Trump unveils his “Opening the Country” council. The list of business executives the president  plans to consult “were some of the most prominent names of Wall Street and Silicon Valley,” the NYT's Annie Karni and Maggie Haberman report. “Those included Jamie Dimon, the chief executive of JPMorgan Chase; Stephen A. Schwarzman, the chief executive of Blackstone; Tim Cook, the chief executive of Apple; and Mark Zuckerberg, the chief executive of Facebook, who he implied would be acting as consultants to his administration." But at least one person on the list said the administration hadn't asked first and gave no heads-up on the announcement. 

Some of the other top financial services executives the White House is naming, per Politico: Bank of America's Brian Moynihan; Goldman Sachs's David Solomon; Citigroup's Michael Corbat; Wells Fargo's Charles Scharf; Morgan Stanley's James Gorman; Paulson & Co.'s John Paulson; Citadel's Ken Griffin; Elliott Management's Paul Singer; Robert Smith of Vista Equity Partners; Abigail Johnson of Fidelity Investments; Mastercard's Ajay Banga; and Visa's Al Kelly

Trump set off a White House scramble by claiming “total authority” over ending the shutdown: “The president’s claim, first conveyed in a tweet Monday morning and underscored at a White House news conference and subsequent social media posts, caught his aides off guard and prompted them to study whether Trump would have such authority in a time of emergency like the ongoing pandemic,” Seung Min Kim, Josh Dawsey and Brady Dennis reports.

“At a White House briefing late Tuesday, Trump offered conflicting statements about which entity had the authority to reopen, seeming to backtrack from his claim Monday but at the same time insisting the federal government would have the final say …Earlier in the day, Trump’s comments on reopening the nation were challenged by his presumptive Democratic rival this fall, former vice president Joe Biden, and also by prominent governors overseeing the public health crisis in their states such as New York Gov.
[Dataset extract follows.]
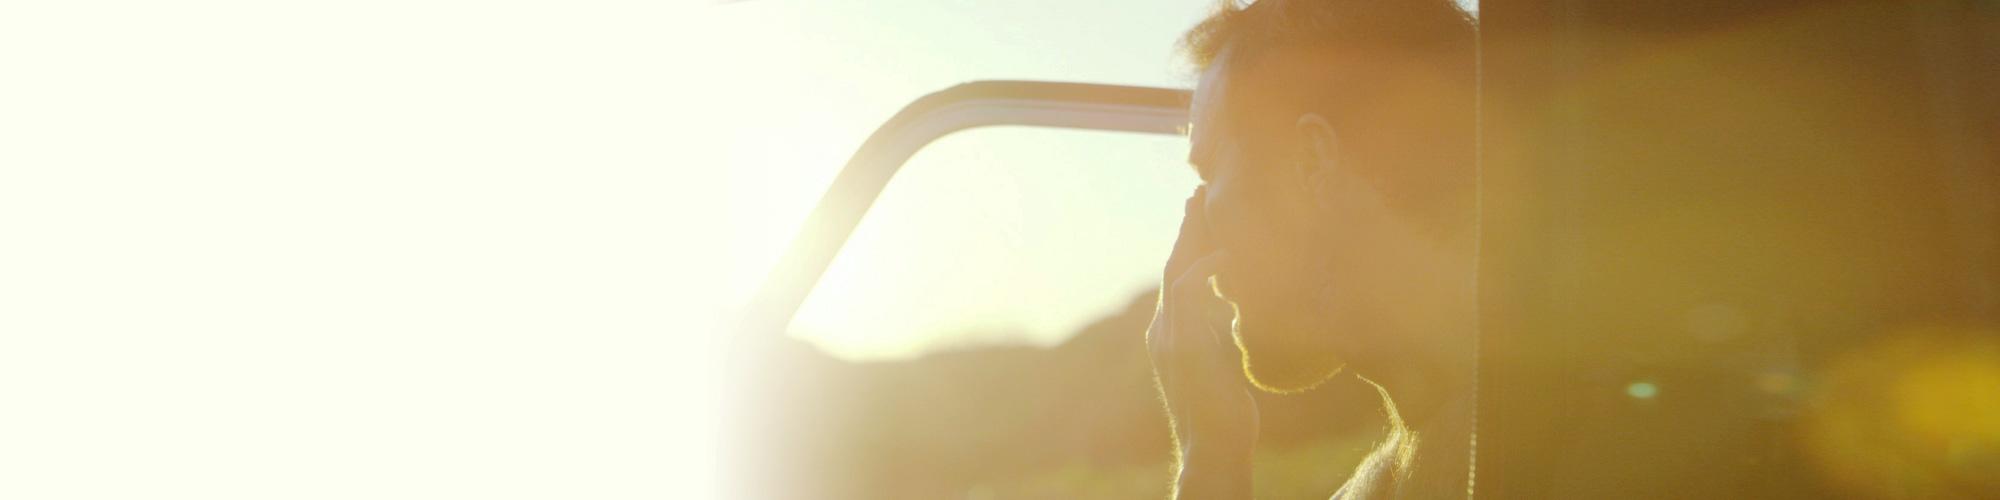 Hoe vaak moet je je insmeren met zonnebrand?

Andrew M. Cuomo, who in his daily news conference Tuesday skewered at length Trump’s position as wildly off-base from the Constitution.”

The first big bailout

Airlines have reached a deal with the administration on coronavirus aid.

Ten major airlines have agreed to accept $25 billion in grants: “Treasury Secretary Steven Mnuchin said Tuesday that Alaska Airlines, Allegiant Air, American Airlines, Delta Air Lines, Frontier Airlines, Hawaiian Airlines, JetBlue Airways, United Airlines, SkyWest Airlines and Southwest Airlines have all indicated they would participate in the program, part of the $2 trillion economic stimulus program signed by [Trump] last month,” Lori Aratani and Ian Duncan report.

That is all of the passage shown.